I just edited an answer that had the word "goyish" and replaced it with the word non Jew. I did it because I feel with deep conviction that goy and goyish are actual racist terms. I also feel some regret editing it because there isn't a policy on such words and so I stepped out of bounds by making that edit.

So I want to get the conversation started on words that have a legitimate critique of being racist, especially with racial tensions being what they are in the US right now. The question is whether terms like "goy, goyish, goyim" should be labeled as racist terms and possibly not allowed on our forum. As someone who was raised in a nonreligious Jewish family from the Middle East, I never grew up hearing the word goy, or goyim in any context. When I went to college and met other Jews this word popped up very soon and very regularly, and I immediately became uncomfortable with its usage then and to this day.

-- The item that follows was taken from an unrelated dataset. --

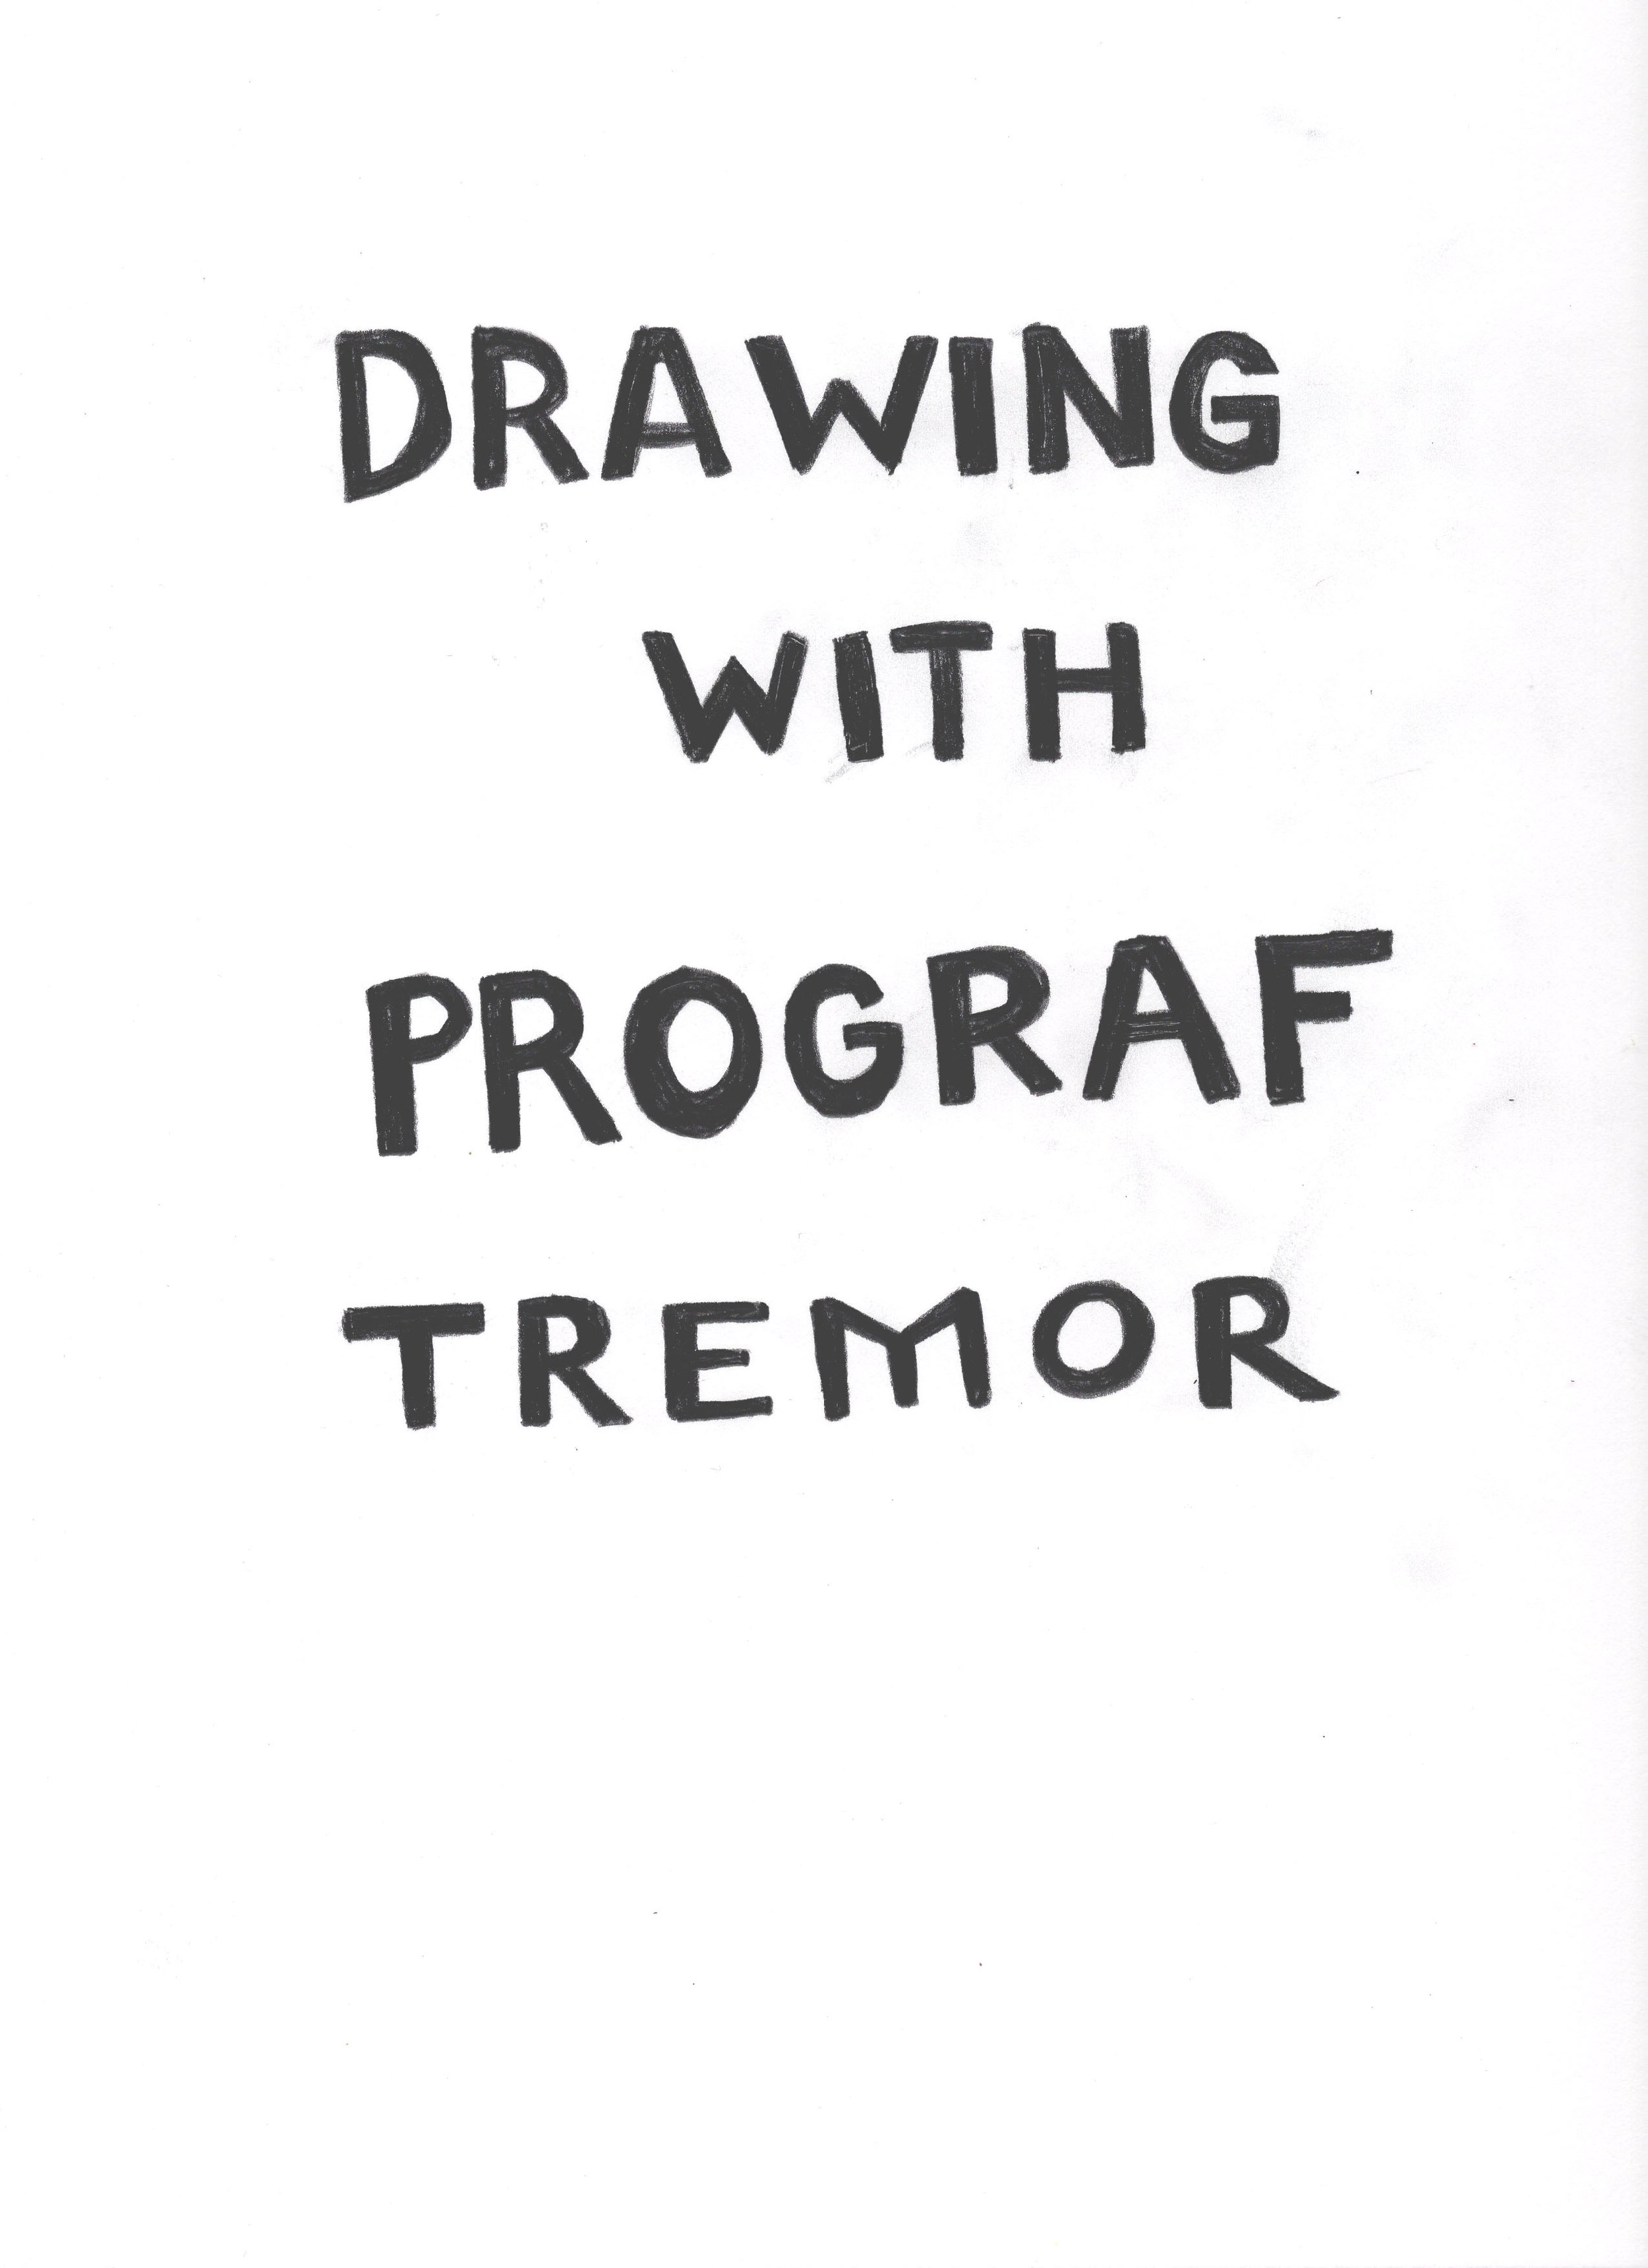 DrawingPrografTremor_2015.jpg

My issue with this word and the possibility of it being racist was summed up nicely in this article.

“As a Jew married to a Jew by choice, I definitely see goy as a slur — seldom used as a compliment, and never used in the presence of a non-Jew,” wrote Nahma Nadich, the deputy director of the Jewish Community Relations Council of Greater Boston. “That’s a good litmus test: if you wouldn’t use a word in the presence of someone you’re describing, good chance it’s offensive.”

Here are some contexts I have personally heard goy used: "Sure she has a boyfriend, but he's a goy so I can ask her out." "Never trust that to a goy." "A goy just can't understand the idea of worshipping Hashem." All of these remarks were made in a group where it was assumed everyone was Jewish, and like the article points out, I can't imagine anyone make such a comment if there was a non-Jew who was part of the conversation.

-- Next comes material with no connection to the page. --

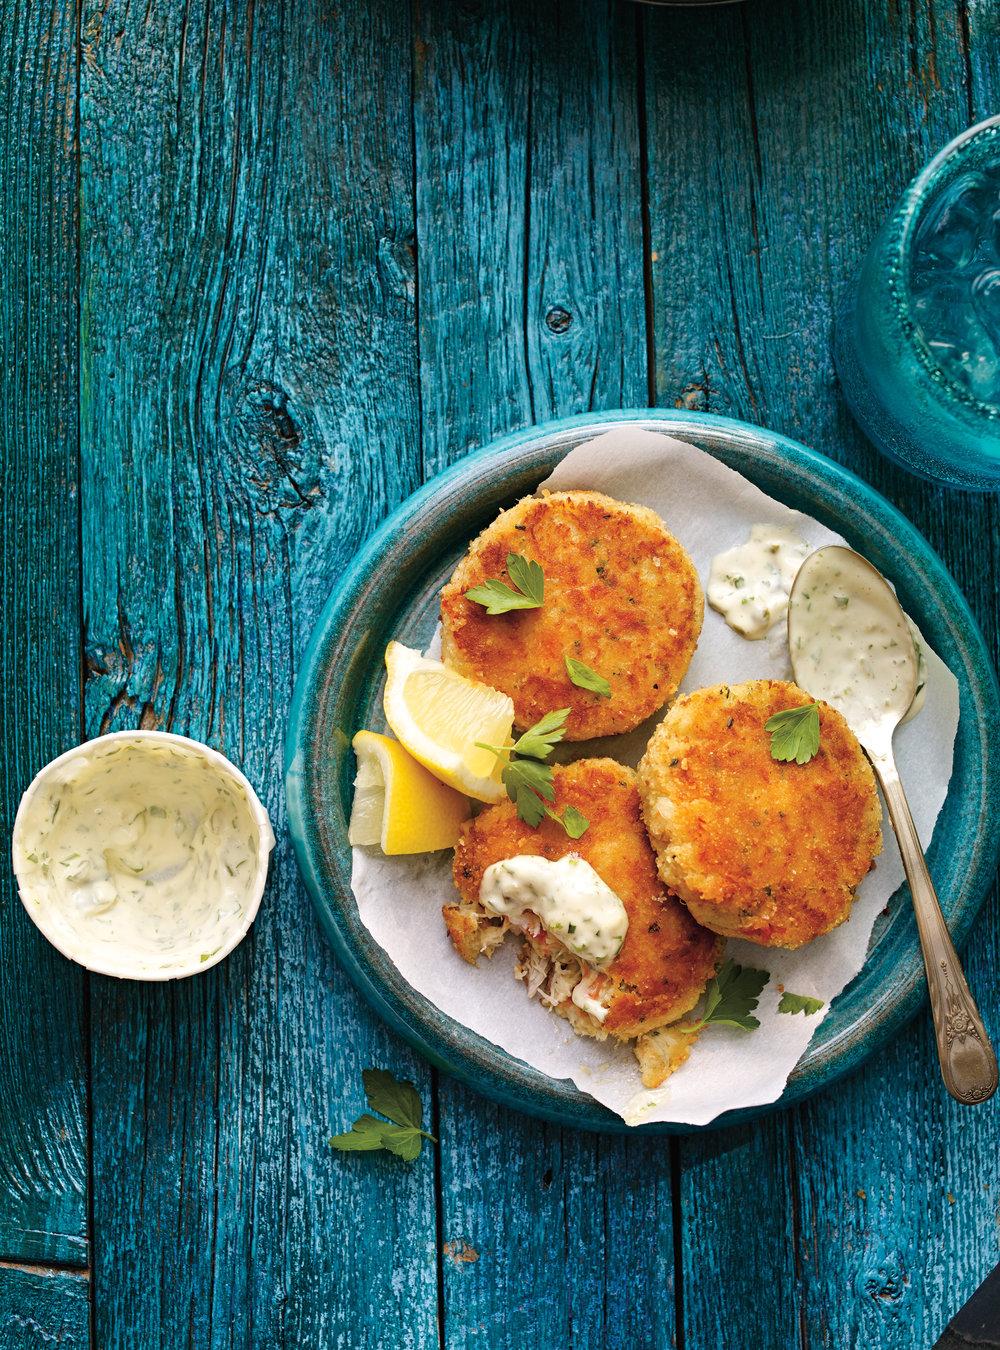 Crab cakes les meilleurs ricardo for Article de cuisine ricardo

The article goes on to make other points that are more specifically based in Yiddish. But it's worth discussing as well.

.... the word “goy” has too much historical and linguistic baggage to be used as casually as “non-Jew” or “gentile.” It starts with the obvious slurs – like “goyishe kopf,” or gentile brains, which suggests (generously) a dullard, or “shikker iz a goy,” a gentile is a drunkard. “Goyishe naches” describes the kinds of things that a Jew mockingly presumes only a gentile would enjoy, like hunting, sailing and eating white bread.

But even in its plain sense the word is a weapon in what the Yiddishist Michael Wex calls the “vocabulary of exclusion.” “Differences between yidish and goyish, sacred and profane, proper and improper, are built into the structure of the language,” he writes, using “yidish” to mean Jewish.

So I thought I'd open up this topic for discussion and the eventual downvotes.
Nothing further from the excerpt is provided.